2013 NFL Draft: Dolphins should keep WR in draft plans
Signing Brian Hartline would be a starting point, not a selling point for the Dolphins.
A No. 1 receiver? By default.
Starting quarterback Ryan Tannehill's favorite receiver? Sure, he was targeted on 131 of Tannehill's 484 pass attempts (27.1 percent).
It is worth noting that Hartline's production declined in the second half of the season. Without Reggie Bush to help dictate what defenses show presnap, Hartline hasn't proven to be an elite receiver. Of his 1,083 receiving yards in 2012, 42.1 percent -- 455 of that total in Weeks 2 and 4 against Oakland and Arizona -- and his only touchdown of the season came against the Cardinals.
Signing Hartline helps the Dolphins, but it doesn't cure any of the many ills on offense.
Stack the Dolphins' wide receiver depth chart alongside that of coach Joe Philbin's former team, the Packers. Even without free-agent Greg Jennings, the Packers are a peg or two above with Randall Cobb, Jordy Nelson and James Jones. And yet, the Packers consider wide receiver a need if Jennings and tight end Jermichael Finley don't return.
Nelson is arguably a No. 1 receiver; Hartline is arguably a solid No. 2.
Second fiddle is the ideal role for Hartline in Miami. He can win mismatches against No. 2 cornerbacks regualrly. He's not the elite lead receiver for a developmental cornerback because he thrives on speed. Hartline's 4.49 40 time at Ohio State's Pro Day translates to the field. When he rolls off the line without a jam, he can get over the top and split bracket coverage. At this stage of his career, Tannehill isn't confident -- or consistently accurate -- enough to get him the ball at the ideal time.
Their timing should develop rapidly.

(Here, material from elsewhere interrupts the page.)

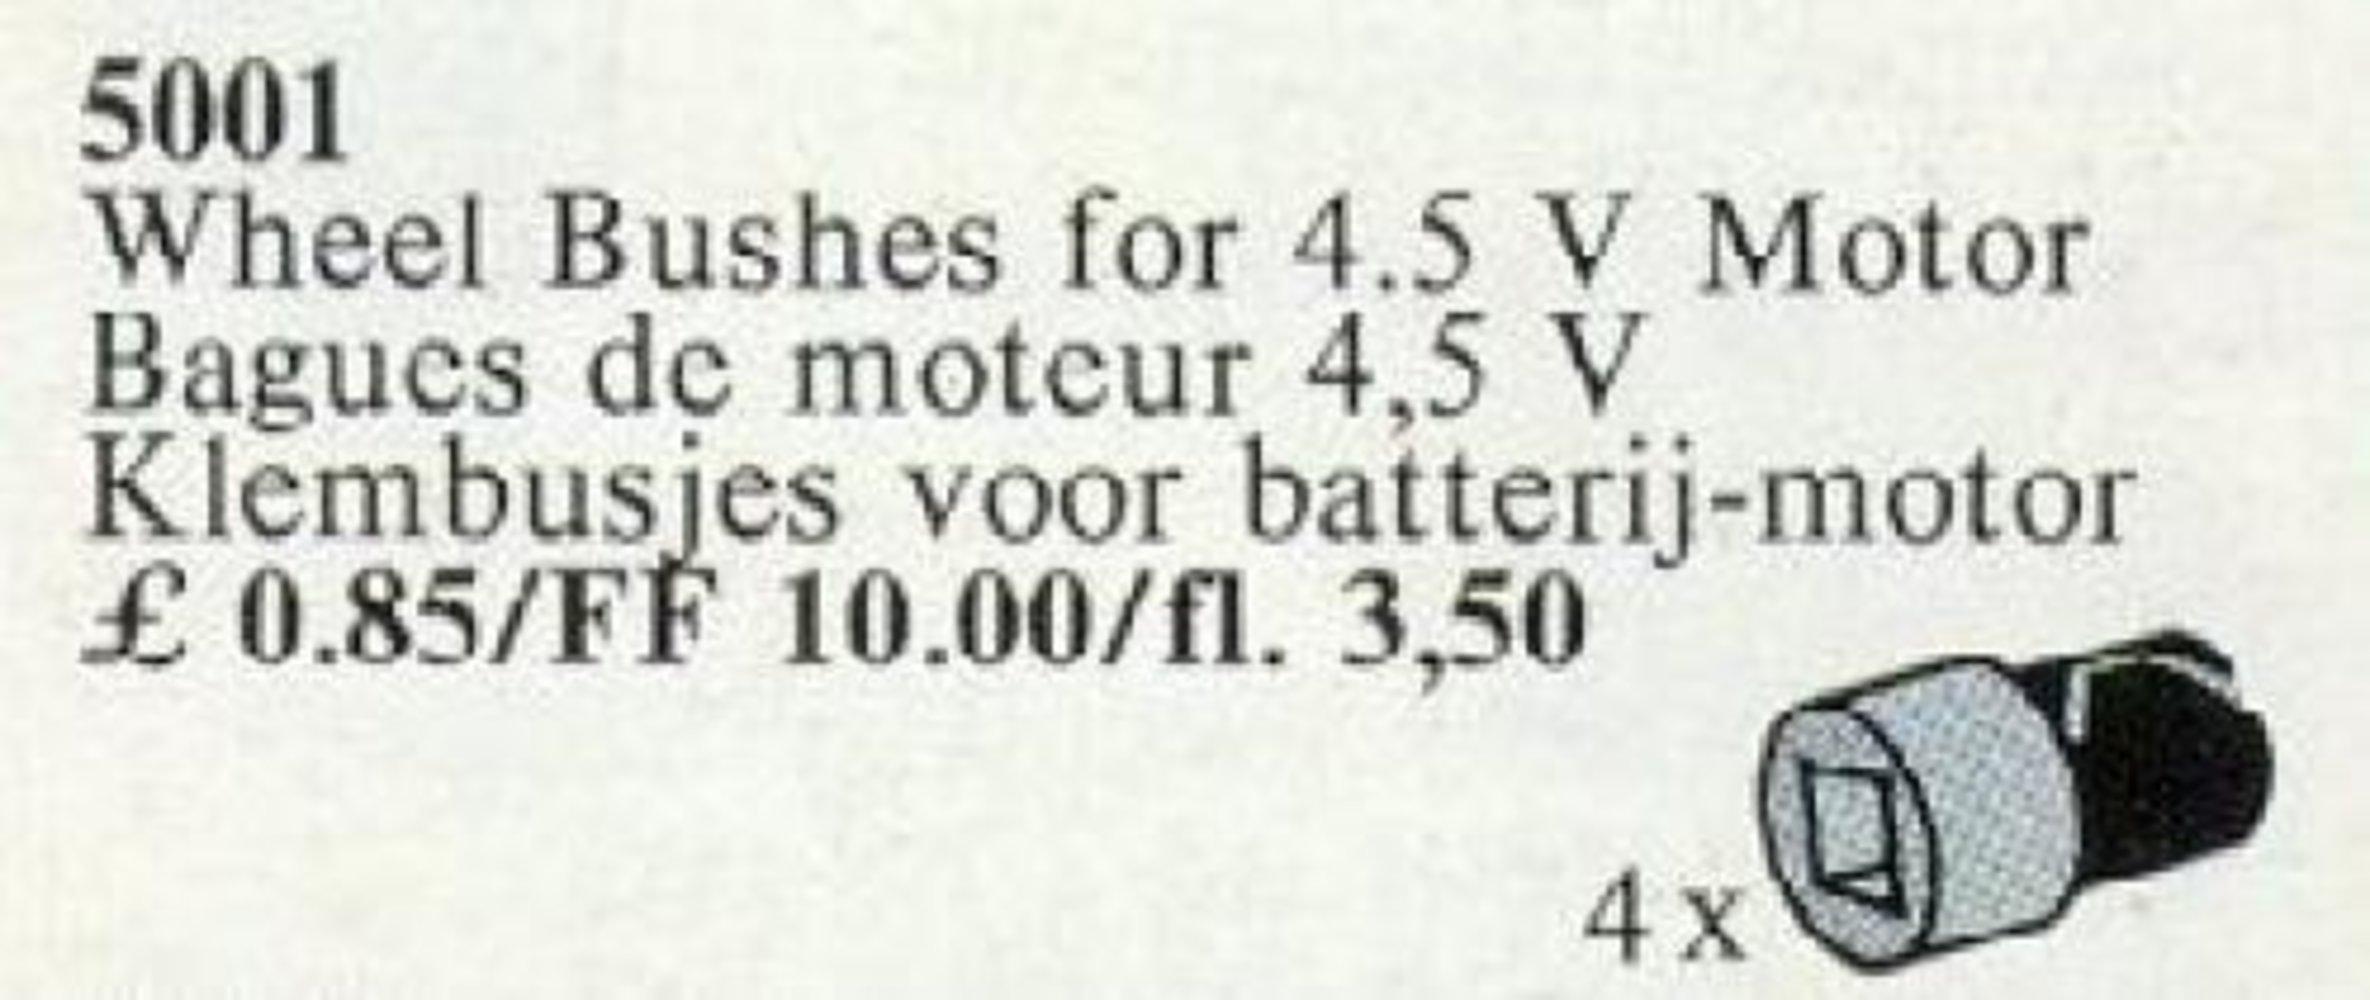 Wheel Bushes for 4.5V Basic Motor

Even if the Dolphins believe Hartline can be their lead receiver -- many scouts don't view Stevie Johnson as a No. 1 receiver, but he holds the role with the Bills -- Miami can't ignore that it needs to add weapons to support Tannehill's growth in his second season.
The wide receiver market in free agency offers deep-threat Mike Wallace and sure-handed, skilled route runners such as Jennings, who is a familiar chess piece to Philbin from their time in Green Bay, Wes Welker of the Patriots and the Rams' Danny Amendola. Welker (age) and Amendola (injuries) could still work out deals to stay put, but aren't risk-free investments.
But with Dwayne Bowe and Hartline signed, the market could dictate overpaying to land a veteran in free agency.
The Dolphins last drafted a wide receiver in the first round in 2007, but Ted Ginn never became more than a modest deep threat whose primary strength was in the return game.
If free agency doesn't turn up a main option outside, the Dolphins will consider Tennessee's Cordarrelle Patterson at No. 12 overall. He's a blue-chip prospect with the highest upside of any receiver in the draft. He's not completely without a bust factor with only one season against FBS competition.
It's what he showed in that only season with the Volunteers -- a school-record 1,858 yards from scrimmage -- as an unpolished 6-foot-2, 216-pound receiver with 4.42 speed and a 37-inch vertical that should lead GM Jeff Ireland to target the future No. 1 receiver.